When I came back from the East last autumn I felt that I wanted the world to be in uniform and at a sort ‘It’ll show you how I’ve gotten to feel about—things. Well, she was less than an hour old and Tom was God knows where. I woke up out of the ether with an utterly abandoned feeling, and asked the nurse right away if it was a boy or a girl. She told me it was a girl, and so I turned my head away and wept. “All right,” I said, “I’m glad it’s a girl. And I hope she’ll be a fool—that’s the best thing a girl can be in this world, a beautiful little fool.”’

. . . .

Why they came East I don’t know. . . . I had no sight into Daisy’s heart, but I felt that Tom would drift on forever seeking, a little wistfully, for the dramatic turbulence of some irrecoverable football game.

. . . .

The truth was that Jay Gatsby, of West Egg, Long Island, sprang from his Platonic conception of himself. He was a son of God—a phrase which, if it means anything, means just that—and he must be about His Father’s business, the service of a vast, vulgar, and meretricious beauty. So he invented just the sort of Jay Gatsby that a seventeen year old boy would be likely to invent, and to this conception he was faithful to the end.

. . . .

He had one of those rare smiles with a quality of eternal reassurance in it, that you may come across four or five times in life. It faced, or seemed to face, the whole external world for an instant and then concentrated on you with an irresistible prejudice in your favor. It understood you just as far as you wanted to be understood, believed in you as you would like to believe in yourself.

. . . .

That’s my Middle West . . . the street lamps and sleigh bells in the frosty dark. . . . I see now that this has been a story of the West, after all—Tom and Gatsby, Daisy and Jordan and I, were all Westerners, and perhaps we possessed some deficiency in common which made us subtly unadaptable to Eastern life.

. . . .

They were careless people, Tom and Daisy—they smashed up things and . . . then retreated back into their money . . . and let other people clean up the mess they had made.

. . . .

You see I think everything’s terrible anyhow, she went on . . . “Everybody thinks so—the most advanced people. And I know.

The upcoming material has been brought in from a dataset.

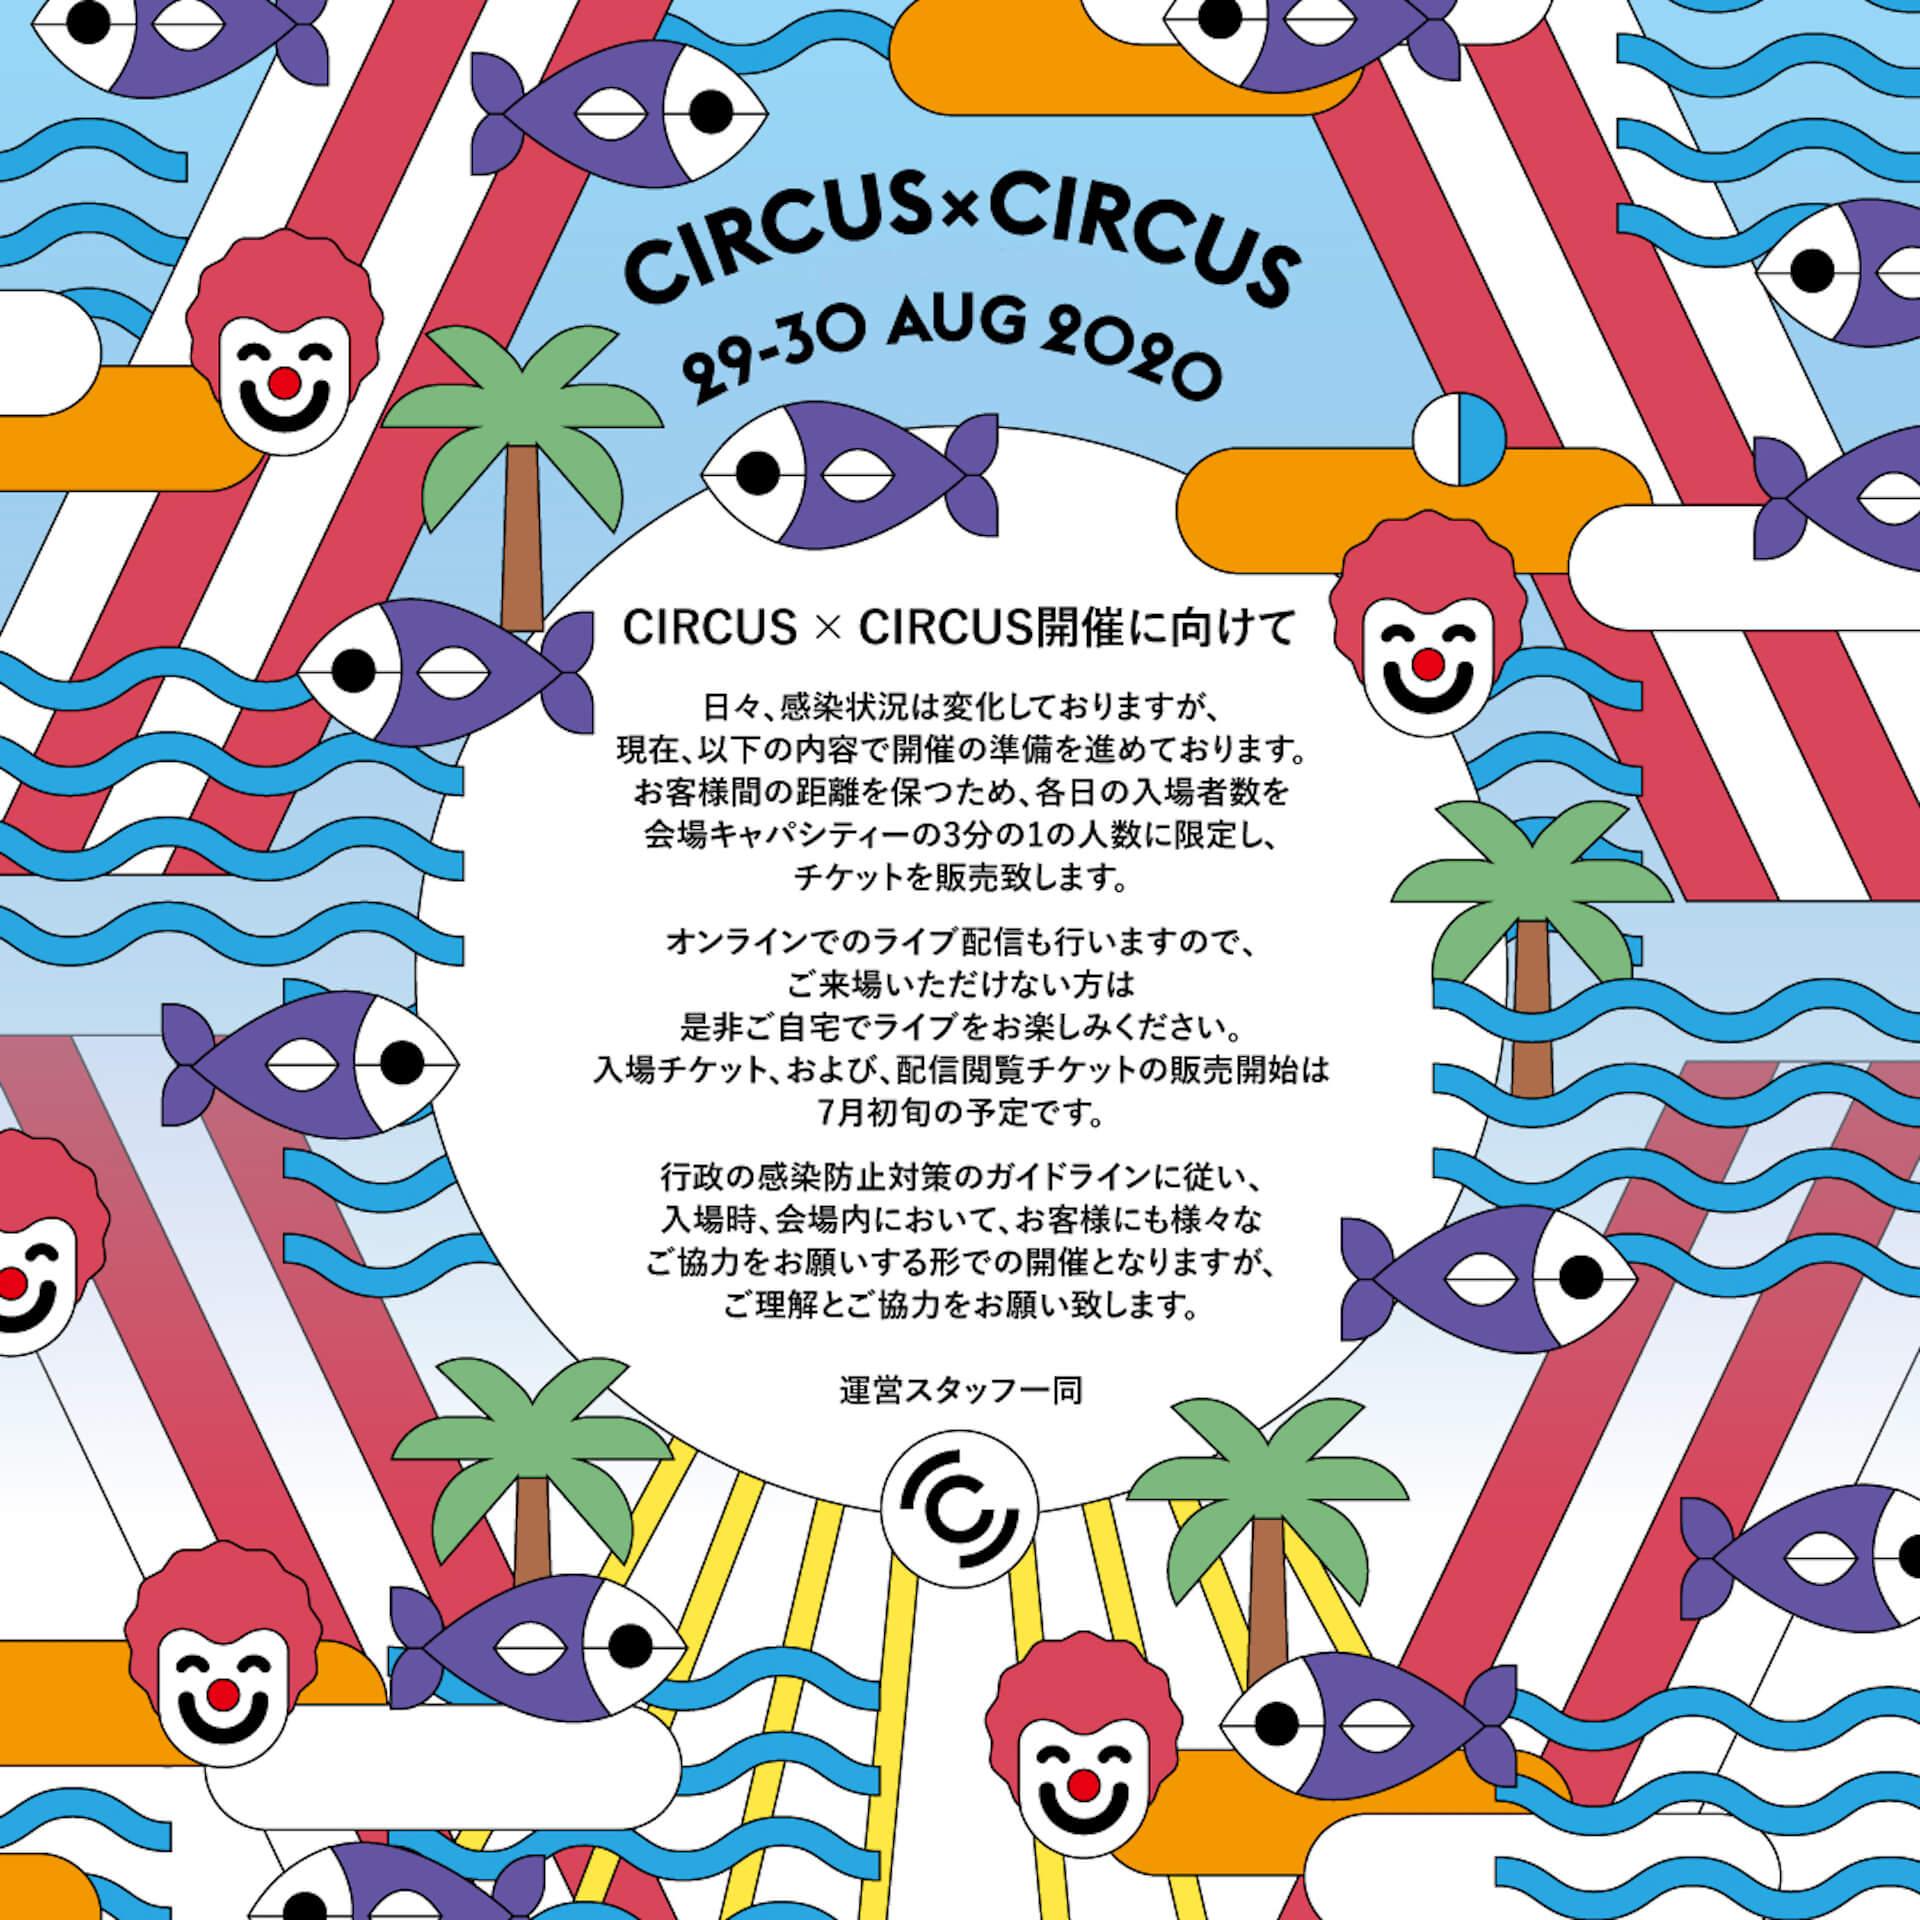 SIRUP、釈迦坊主、Tohji、tofubeats、chelmicoらが出演!<CIRCUS × CIRCUS>が8月に開催決定 music200610_circuscircus_1

I’ve been everywhere and seen everything and done everything . . . Sophisticated—God, I’m sophisticated!

. . . .

I am still a little afraid of missing something if I forget that, as my father snobbishly suggested, and I snobbishly repeat, a sense of the fundamental decencies is parcelled out unequally at birth.

. . . .

In my younger . . . years my father gave me some advice . . . “Whenever you feel like criticizing any one . . . just remember that all the people in this world haven’t had the advantages that you’ve had.

. . . .

‘Anything can happen now that we’ve slid over this bridge,’ I thought; ‘anything at all. . . .’ Even Gatsby could happen, without any particular wonder.

. . . .

We drew in deep breaths . . . as we walked back . . . through the cold vestibules, unutterably aware of our identity with this country for one strange hour, before we melted indistinguishably into it again.

. . . .

‘I married him because I thought he was a gentleman,’ she said finally. ‘I thought he knew something about breeding, but he wasn’t fit to lick my shoe.’

. . . .

He talked a lot about the past, and I gathered that he wanted to recover something, some idea of himself perhaps, that had gone into loving Daisy.

. . . .

Neither of them can stand the person they’re married to…. What I say is, why go on living with them if they can’t stand them? If I was them I’d get a divorce and get married to each other right away.

. . . .

For a while I lost sight of Jordan Baker, and then in midsummer I found her again . . . . I wasn’t actually in love, but I felt a sort of tender curiosity.

. . . .

Gatsby believed in the green light, the orgastic future that year by year recedes before us. It eluded us then, but that’s no matter—tomorrow we will run faster, stretch out our arms farther. . . . And then one fine morning—

. . . .

[H]e stretched out his arms toward the dark water. . . . I . . . distinguished nothing except a single green light, minute and far way. . . . When I looked once more for Gatsby he had vanished. . . .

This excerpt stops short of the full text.